You can configure different performance and fault tolerance parameters for different tiers. For example, a tier of "hotspot data" can be composed using a number of cores of CPU and large memory nodes, which can be configured to download more frequently queried data.
A similar "cold data" cluster can be created using some hardware that is less powerful, and a "cold data" cluster can contain only a few segment that are not frequently accessed
Availability: The history node relies on zookeeper to manage segment loading and unloading.

If zookeeper becomes unavailable, the history node can no longer service the new data and unload outdated data because it serves the query over HTTP.
Historical nodes can still respond to queries that query the data that it is currently serving. This means that zookeeper runs without affecting the availability of data that already exists in the history node.

6, Brokernode
Broker nodes play the role of query routing for historical nodes and real-time nodes.
The broker node knows about which segment are queryable and where these segment are stored in zookeeper, and the broker node can route incoming query requests to the correct history node or to a real-time node.
The broker node also merges the local results of the history node and the live node, and then returns the final merged result to the caller
Cache: The broker node contains a cache that supports the LRU invalidation policy. This cache can use either local heap memory or an external distributed key/value storage, such as memcached
Each time the broker node receives a query request, it maps the query to a set of segment. The result of this set of determined segment may already be present in the cache, without the need for recalculation.
For those results that do not exist in the cache, the broker node forwards the query to the correct history node and to the real-time node, and once the history node returns the results, the broker node caches the results for later use, as shown in the following figure.
Note: Real-time data is never cached, so query requests that query real-time node data are always forwarded to the live node. Real-time data is constantly changing, so caching real-time data is unreliable

Image above: The results are cached for each of the segment. The query merges the results of the cache with the historical nodes and the real-time nodes.
Caching can also be used as an additional level of data availability. In the event that all historical nodes fail, queries that have already cached the results in the cache can still be returned
Availability: Data can still be queried in the event that all zookeeper are interrupted. If the broker node is not able to communicate with zookeeper, it will continue to forward the query request to the historical node and to the real-time node using the view of the entire cluster it was last given, and the broker node assumes that the cluster's structure and zookeeper are consistent before the outage. In practice, when we diagnose zookeeper failures, this usability model allows the Druid cluster to continue to provide query services and to buy us more time
Description: Usually in the sharenothing architecture, if a node becomes unusable, there will be a service that moves the data from the node of the downline to the other nodes, but if the node is restarted immediately after the line, and if the service starts moving data at the same time, it will generate data transfer across the cluster. , is actually not necessary.

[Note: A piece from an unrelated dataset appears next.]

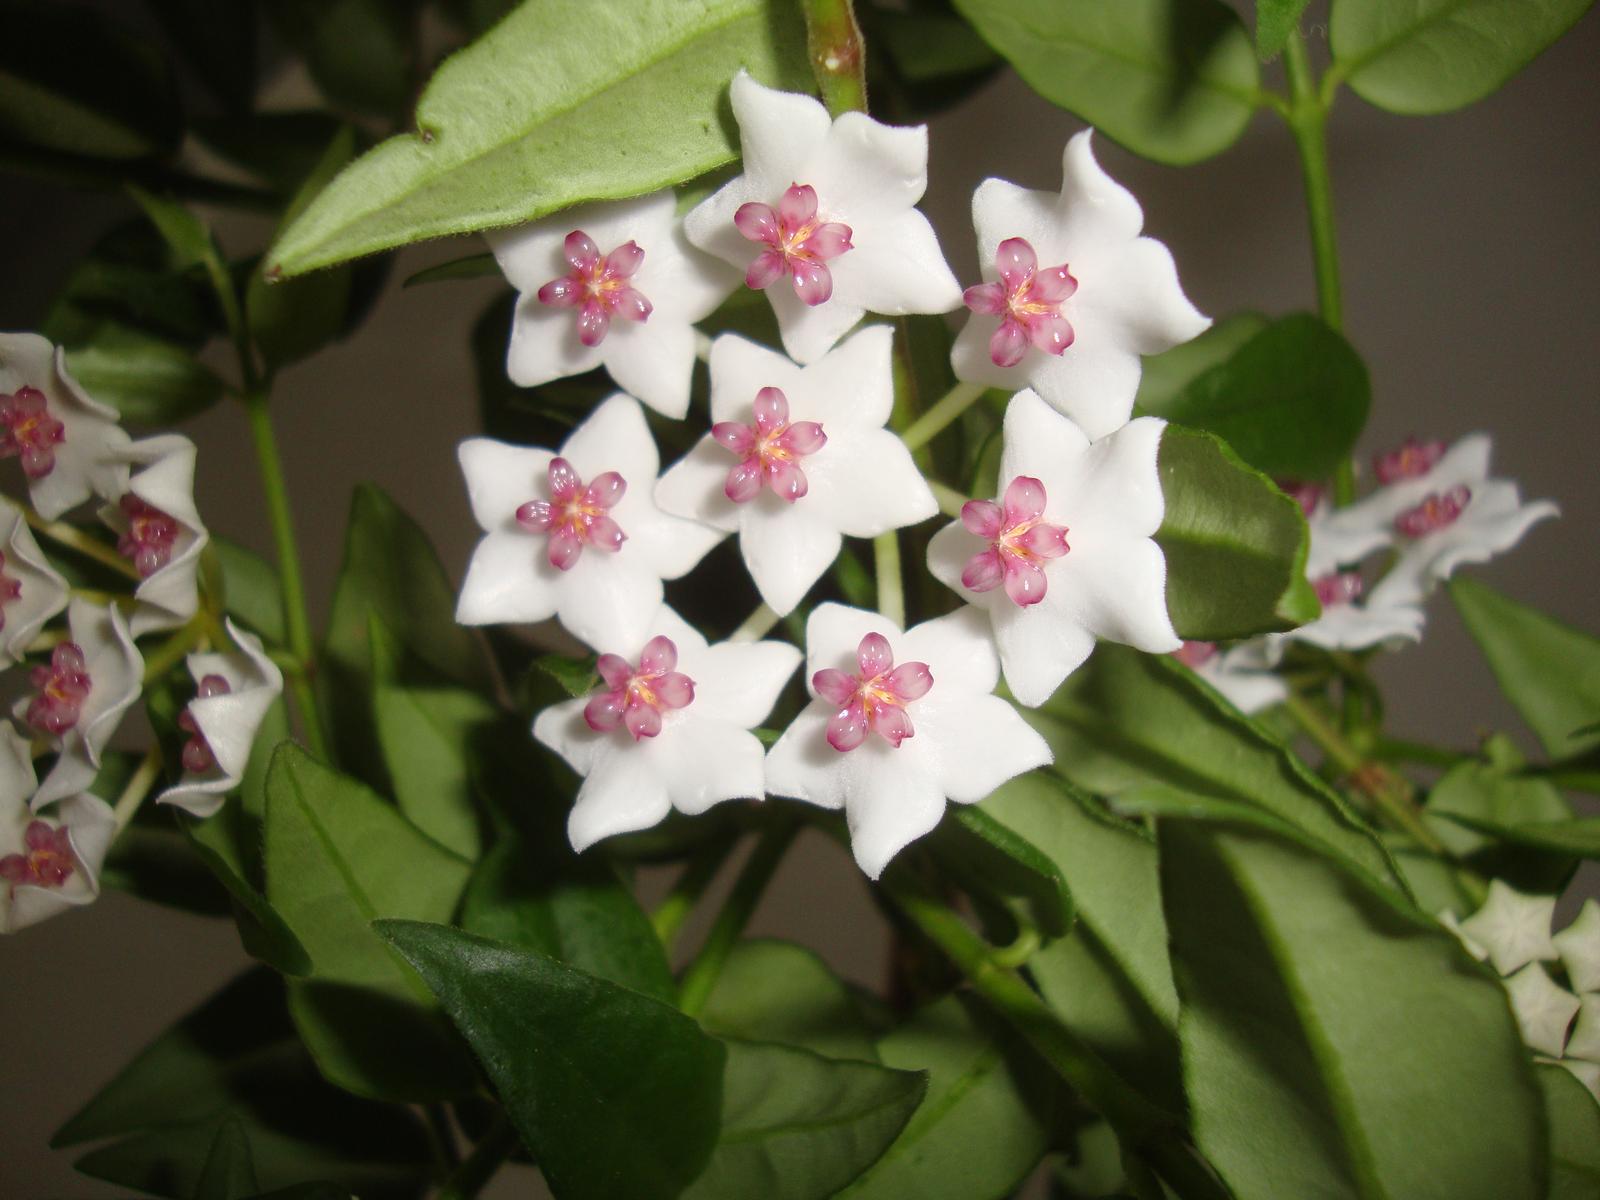 Hoya bella - Obrázok č. 1

Because the Distributed file system has multiple copies of the same data, the relocation data is actually intended to satisfy the number of replicas. The data on the nodes that are offline and restarted will not be lost, so short-term replicas will not affect the overall data health. It also takes time to move data across machines What's better than a given period of time if it's really dead, just start moving

7, Coordinatornode
Mainly responsible for the management of data and distribution on the historical nodes. The coordination node tells the history node to load new data, unload stale data, replicate data, and move data for load balancing.

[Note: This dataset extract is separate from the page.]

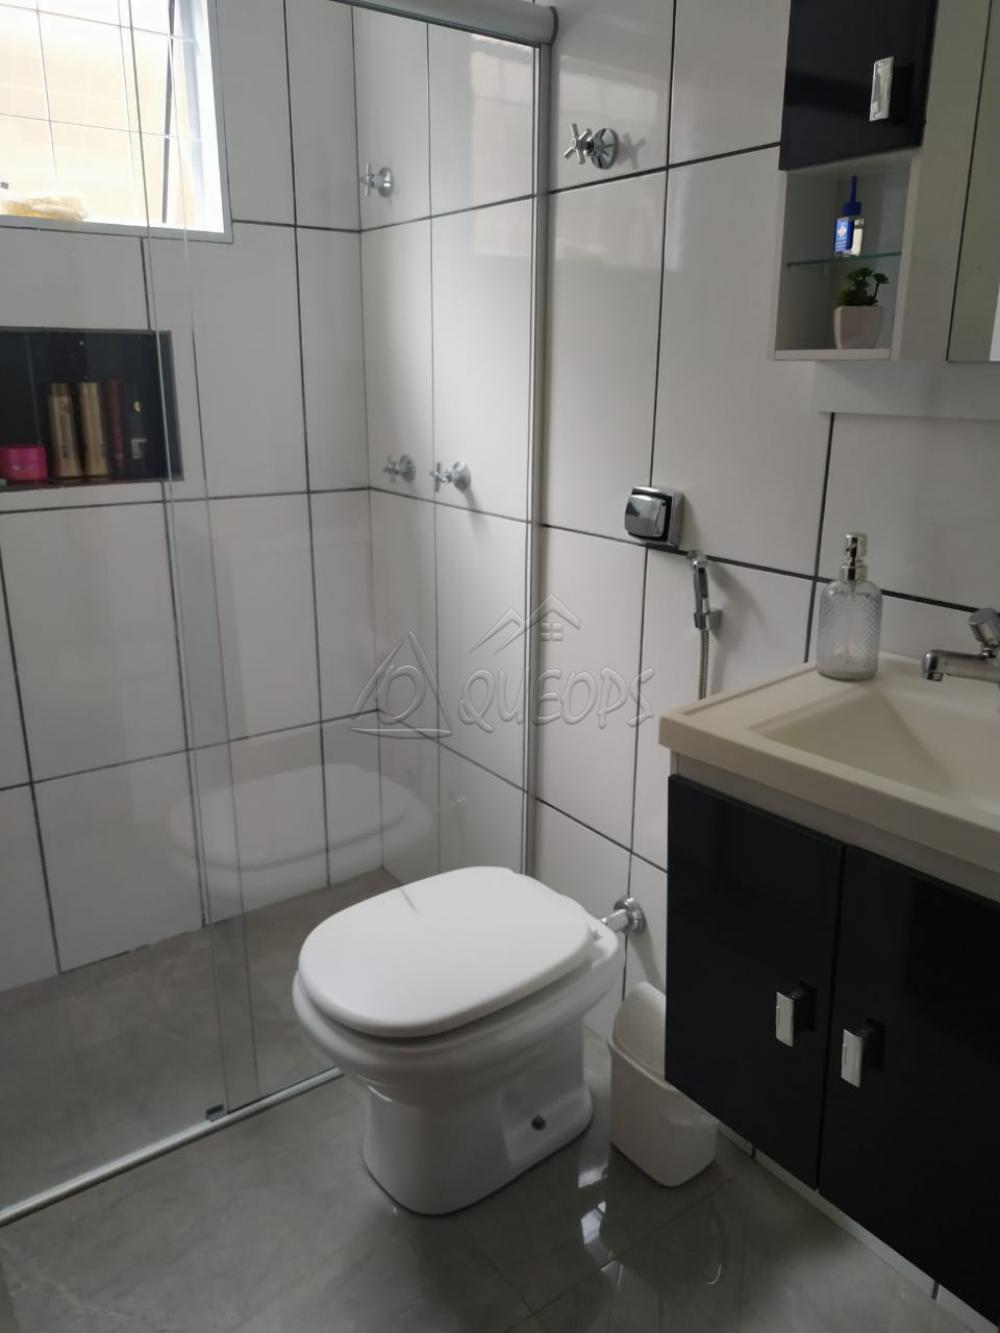 Comprar Casa / Padrão em Barretos apenas R$ 230.000,00 - Foto 5

Druid to maintain a stable view, a multi-version concurrency control Exchange protocol is used to manage immutable segment. If any immutable segment contains data that has been completely eliminated by the new segment, the expired segment will be unloaded from the cluster.
The coordination node undergoes a leader election process to determine that the coordination function is performed by a separate node, and the remaining coordination nodes as redundant backup nodes
The coordination node periodically executes to determine the current state of the cluster, making decisions by comparing the expected state of the cluster and the actual state of the cluster at run time. As with all Druid nodes, the coordination node maintains one and zookeeper connections to obtain information about the current cluster.

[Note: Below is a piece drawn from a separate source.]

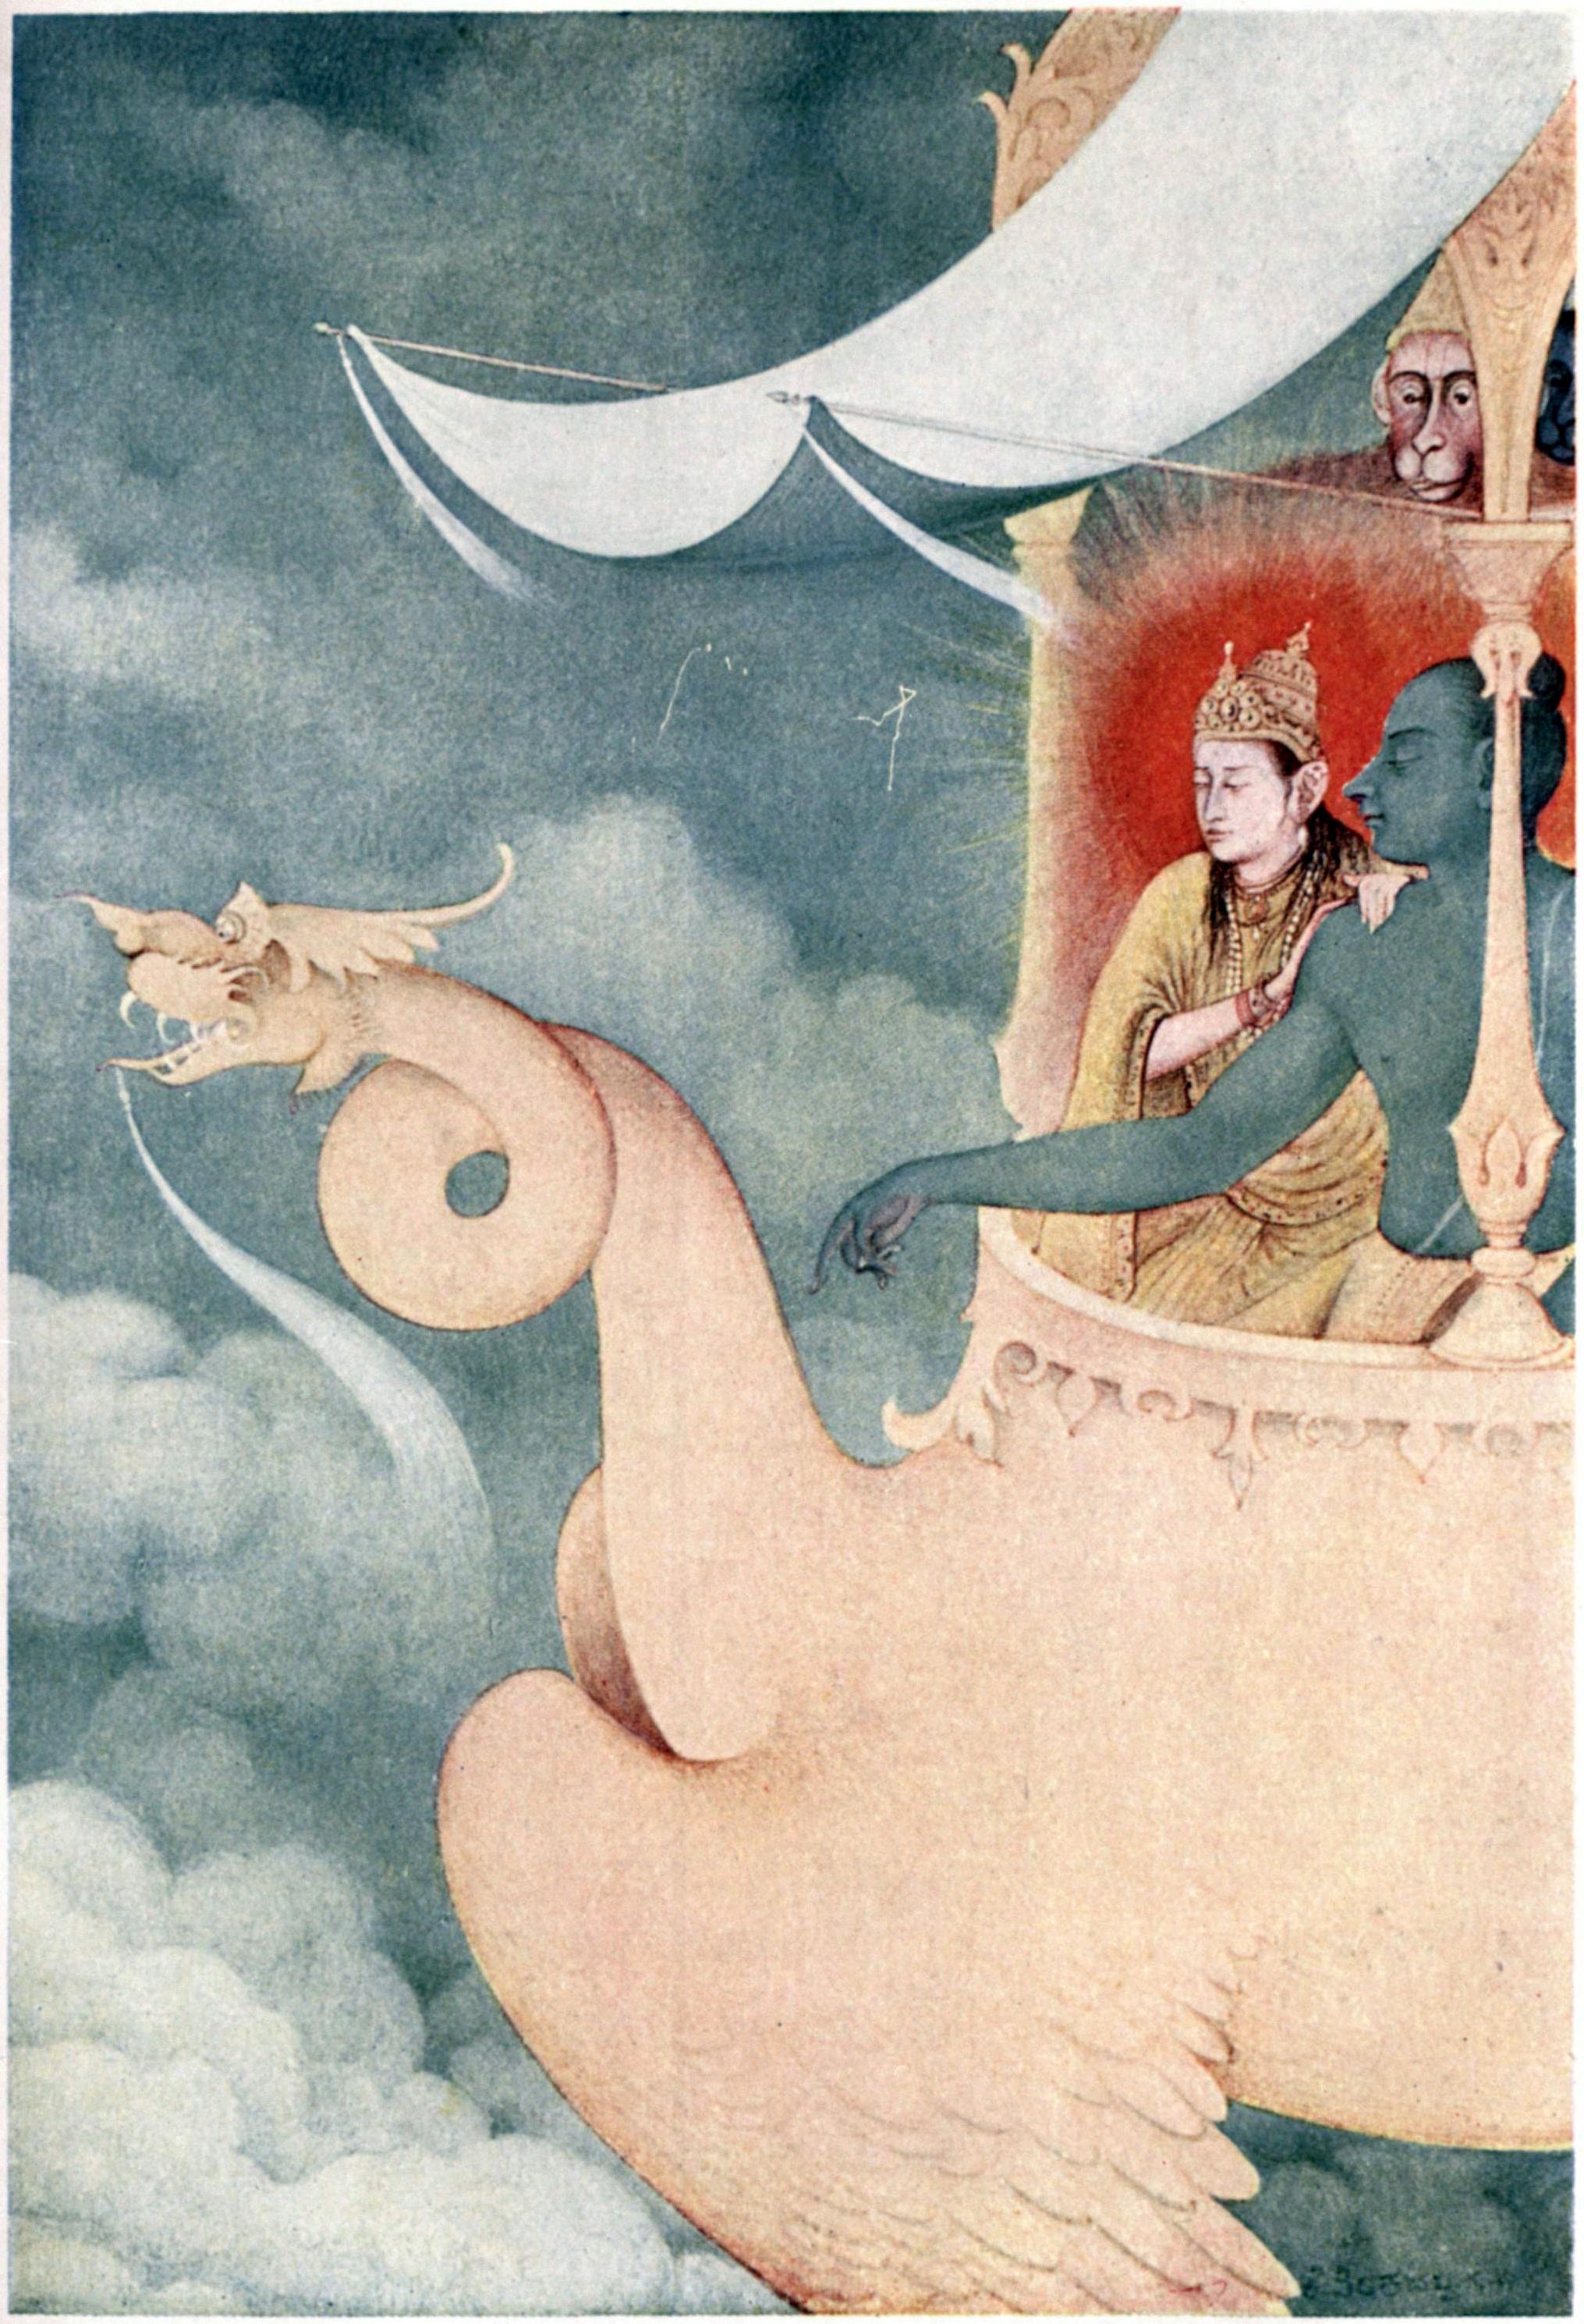 ishwar chandra vidyasagar books pdf

The Coordination node also maintains a connection to the MySQL database, and MySQL contains more operational parameters and configuration information.
One of the key information that exists in MySQL is a list of all segment that the historical node can provide services, which can be updated by any service that can create segment, such as a live node.
The MySQL database also contains a rule table to control how segment is created, destroyed, and replicated in the cluster.
Rules:rules Management History How segment is loaded and unloaded in the cluster.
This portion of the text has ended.